What is needed
Could you repeat every line below exactly, skipping the images?

Supplied material
■ ■ ■ ■ ■

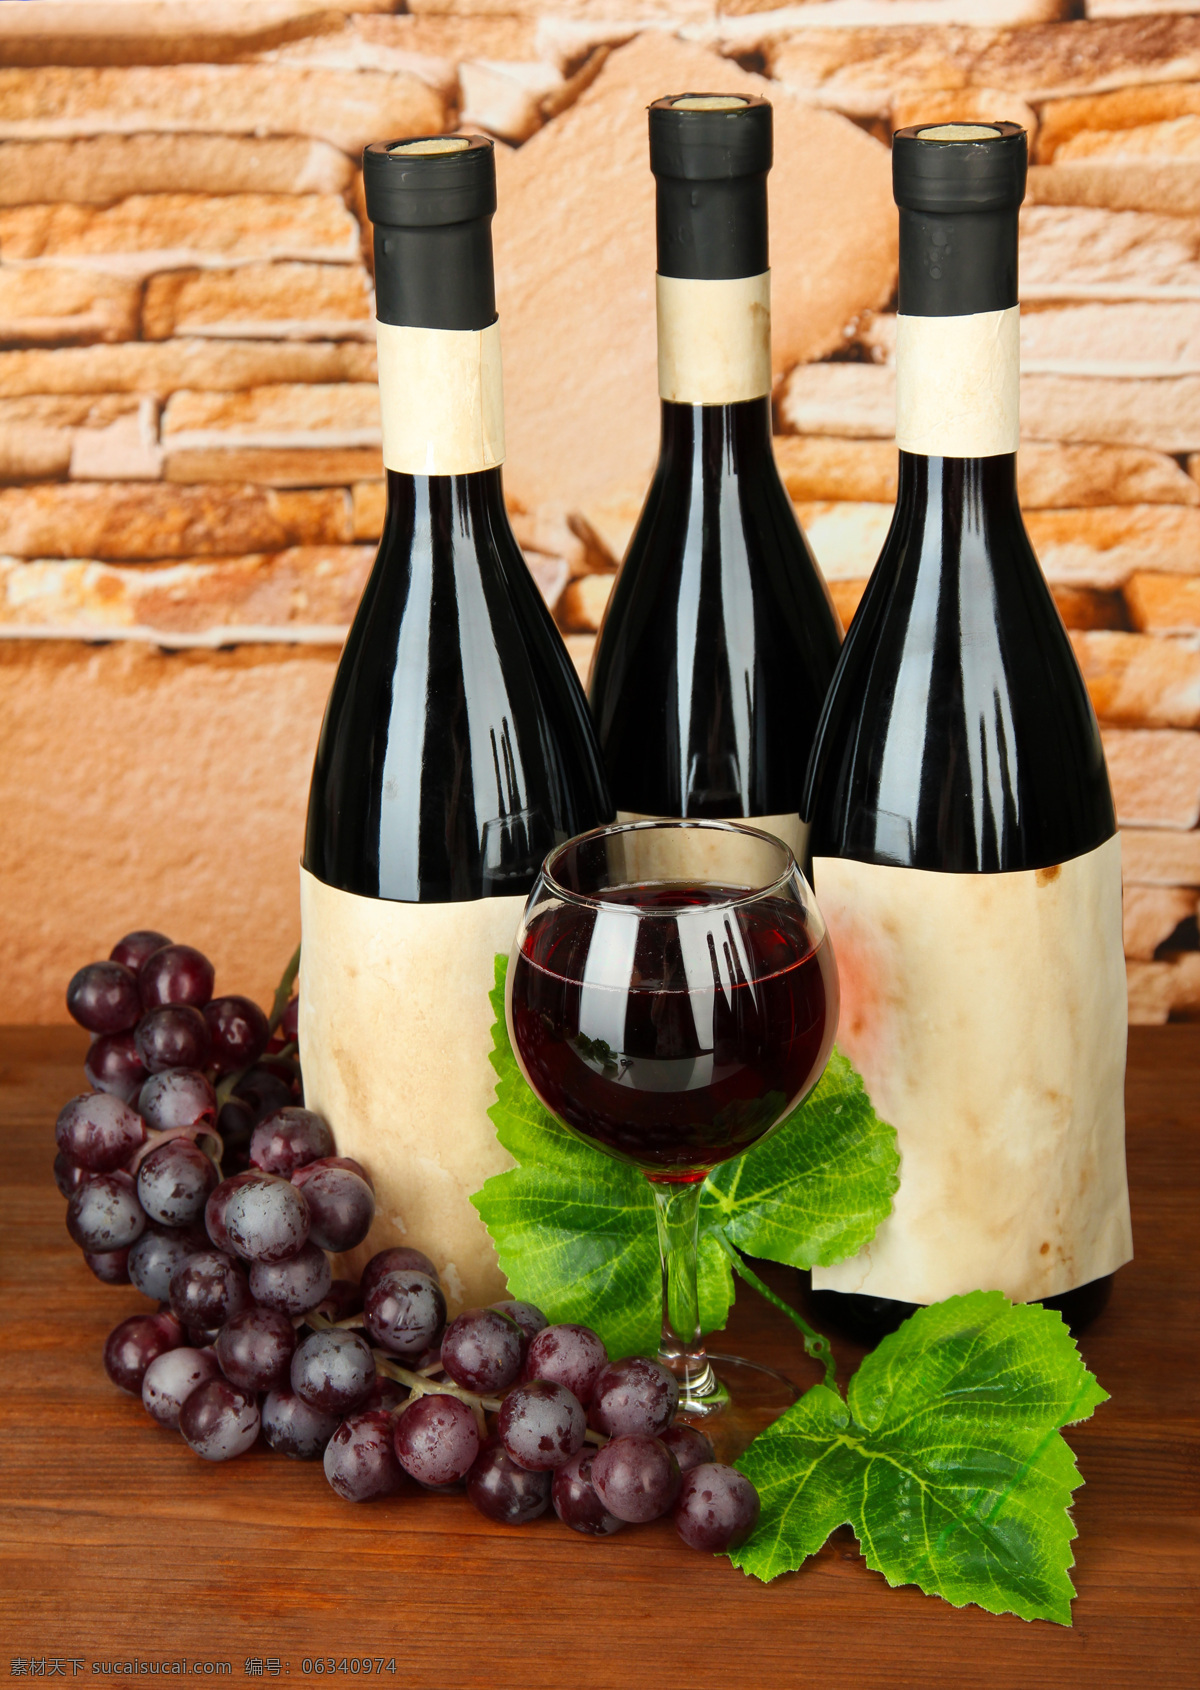 法国红酒高清 红酒高清图片 法国红酒图片 法国红酒 葡萄酒 酒精 红酒
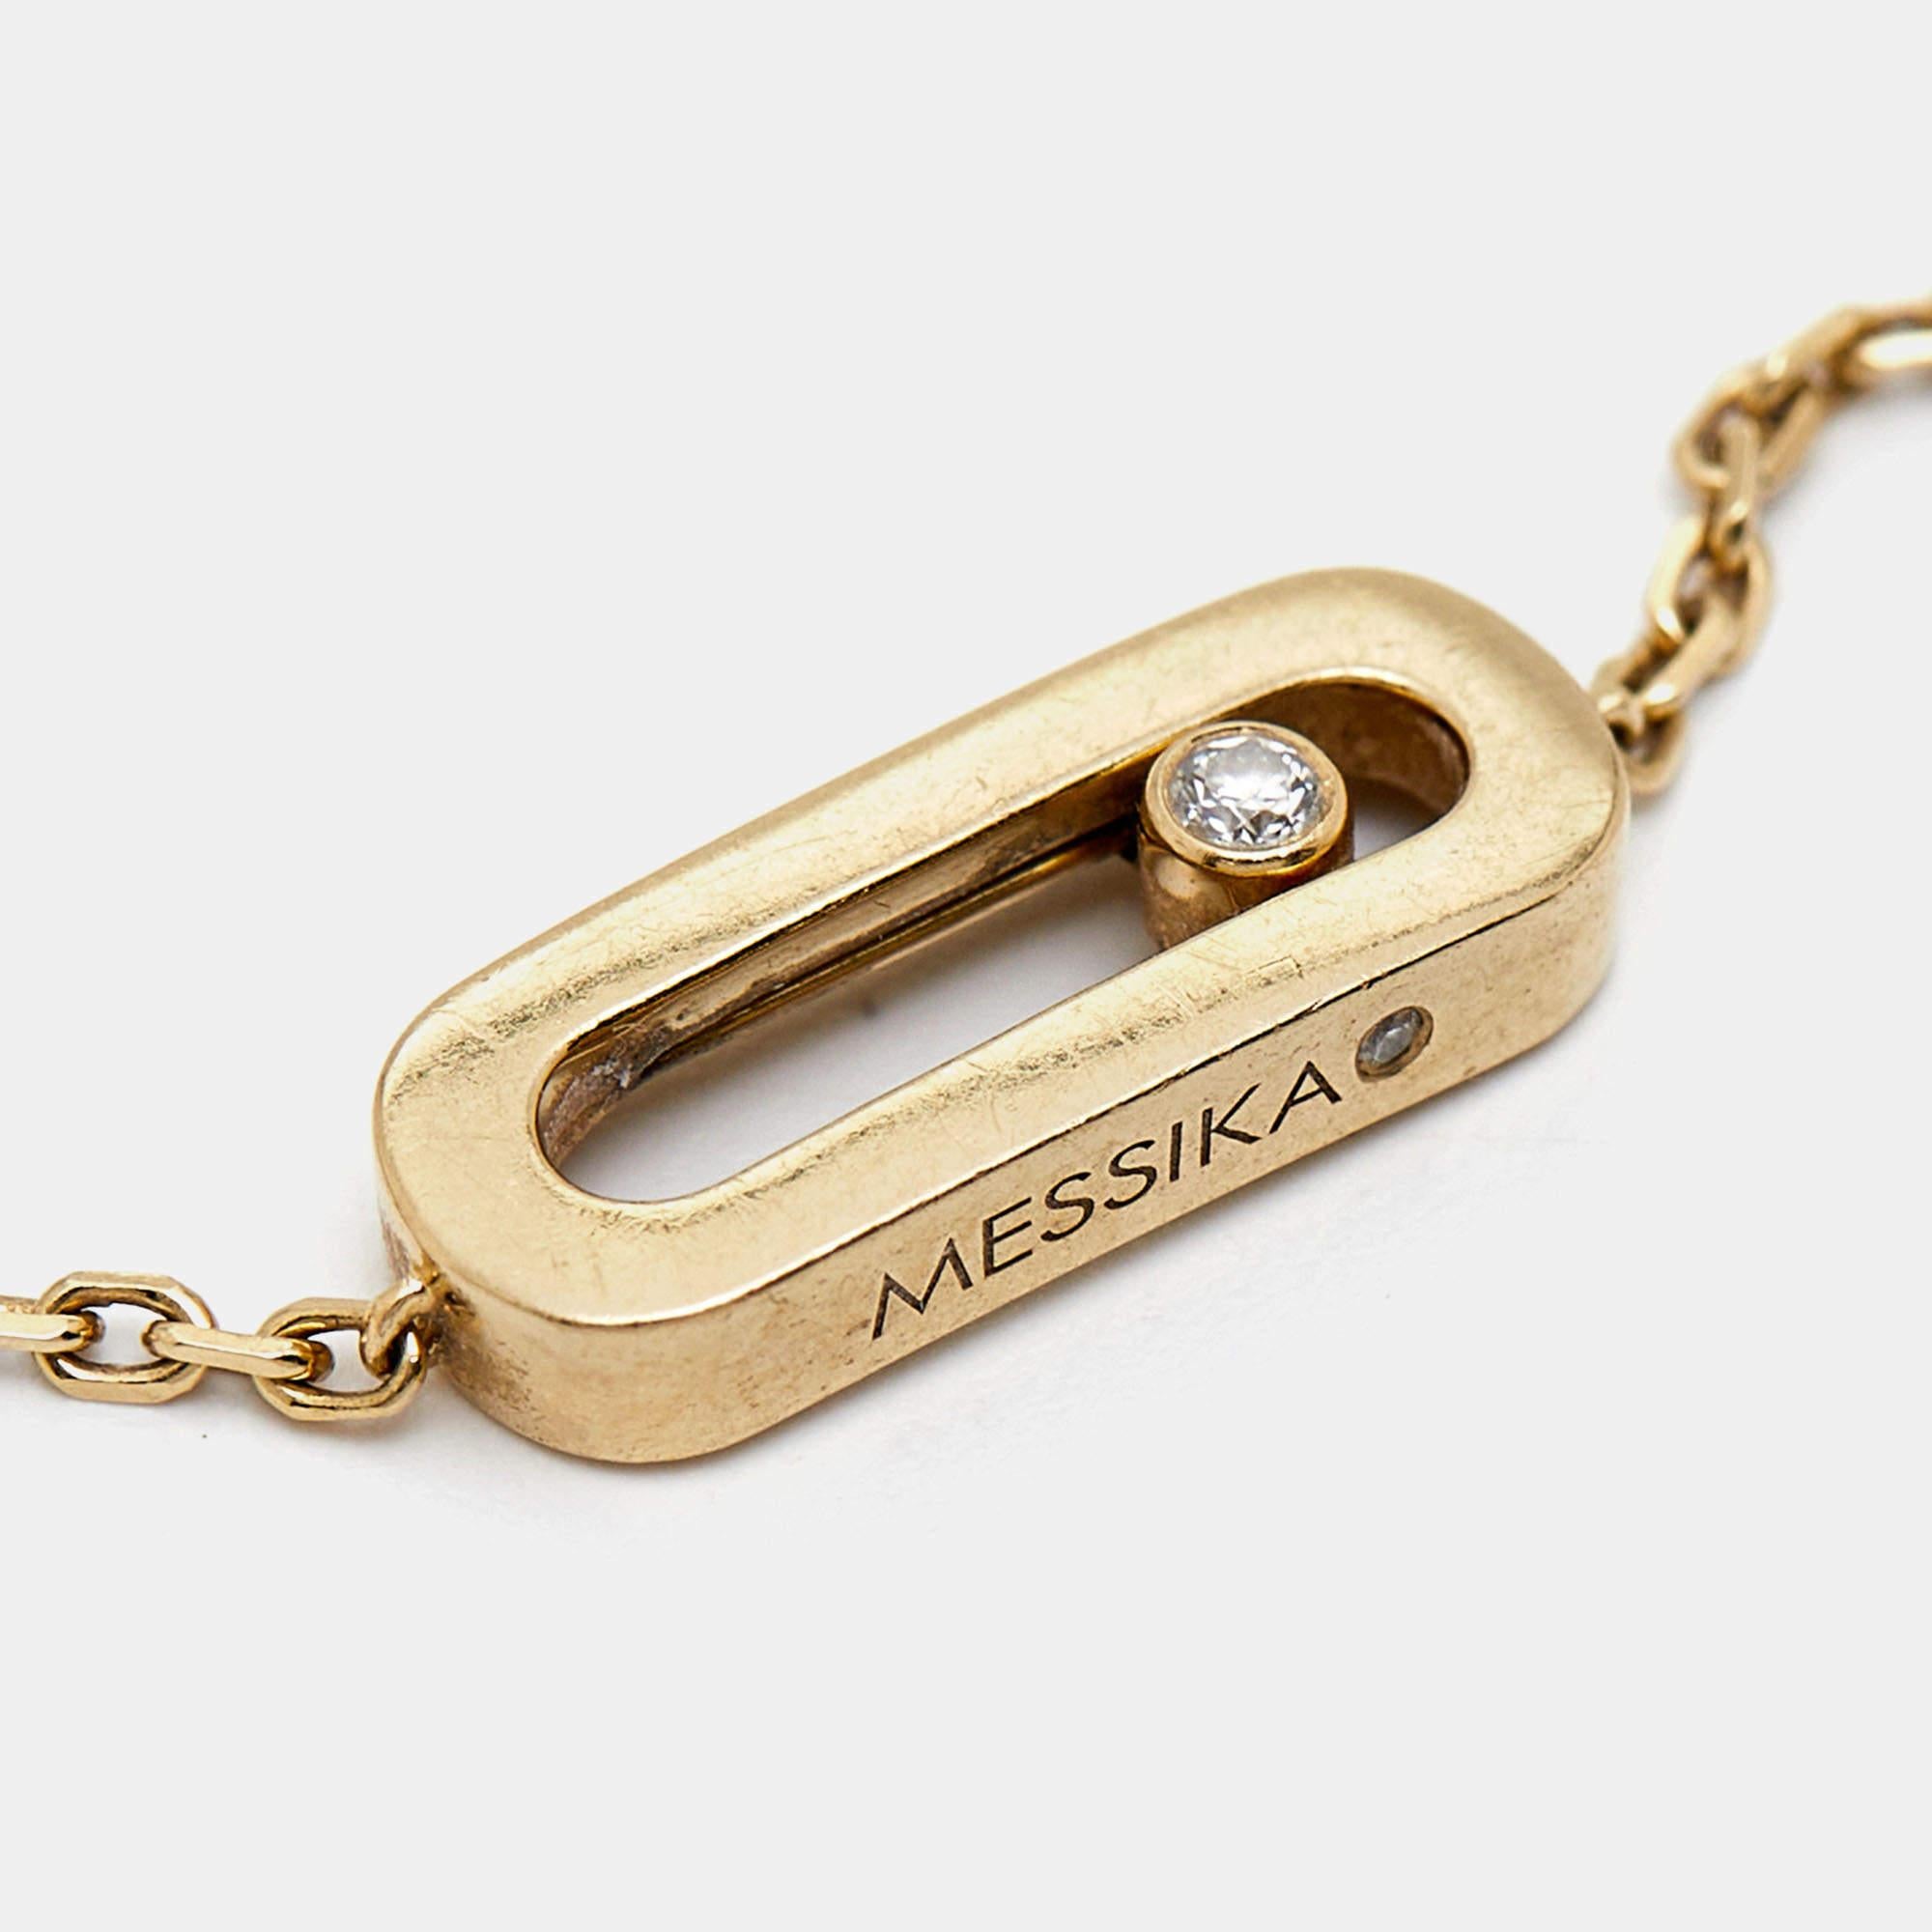 Das mit exquisiter Präzision gefertigte Messika Move Uno Armband strahlt in allen Facetten Opulenz aus. Schimmerndes 18-karätiges Gelbgold formt seine anmutige Silhouette, die mit einem einzigen schillernden Diamanten geschmückt ist, der bei jeder
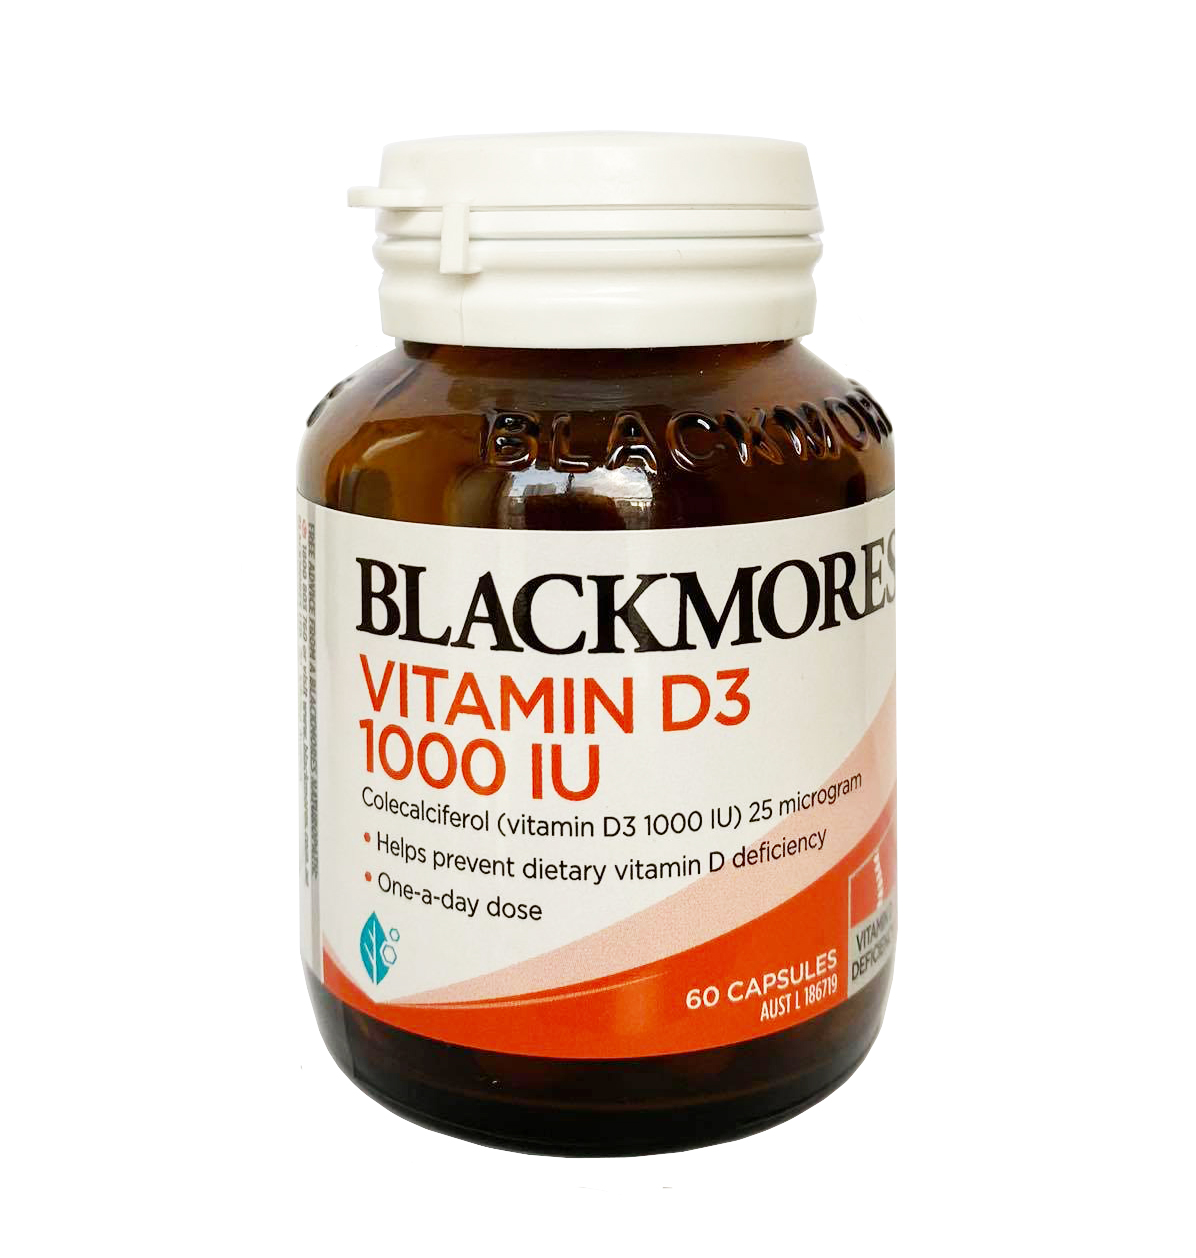 Tìm hiểu về blackmores vitamin d hiệu quả và an toàn

■ ■ ■ ■ ■

Written response
 法国红酒高清 红酒高清图片 法国红酒图片 法国红酒 葡萄酒 酒精 红酒
 Das mit exquisiter Präzision gefertigte Messika Move Uno Armband strahlt in allen Facetten Opulenz aus. Schimmerndes 18-karätiges Gelbgold formt seine anmutige Silhouette, die mit einem einzigen schillernden Diamanten geschmückt ist, der bei jeder
 Tìm hiểu về blackmores vitamin d hiệu quả và an toàn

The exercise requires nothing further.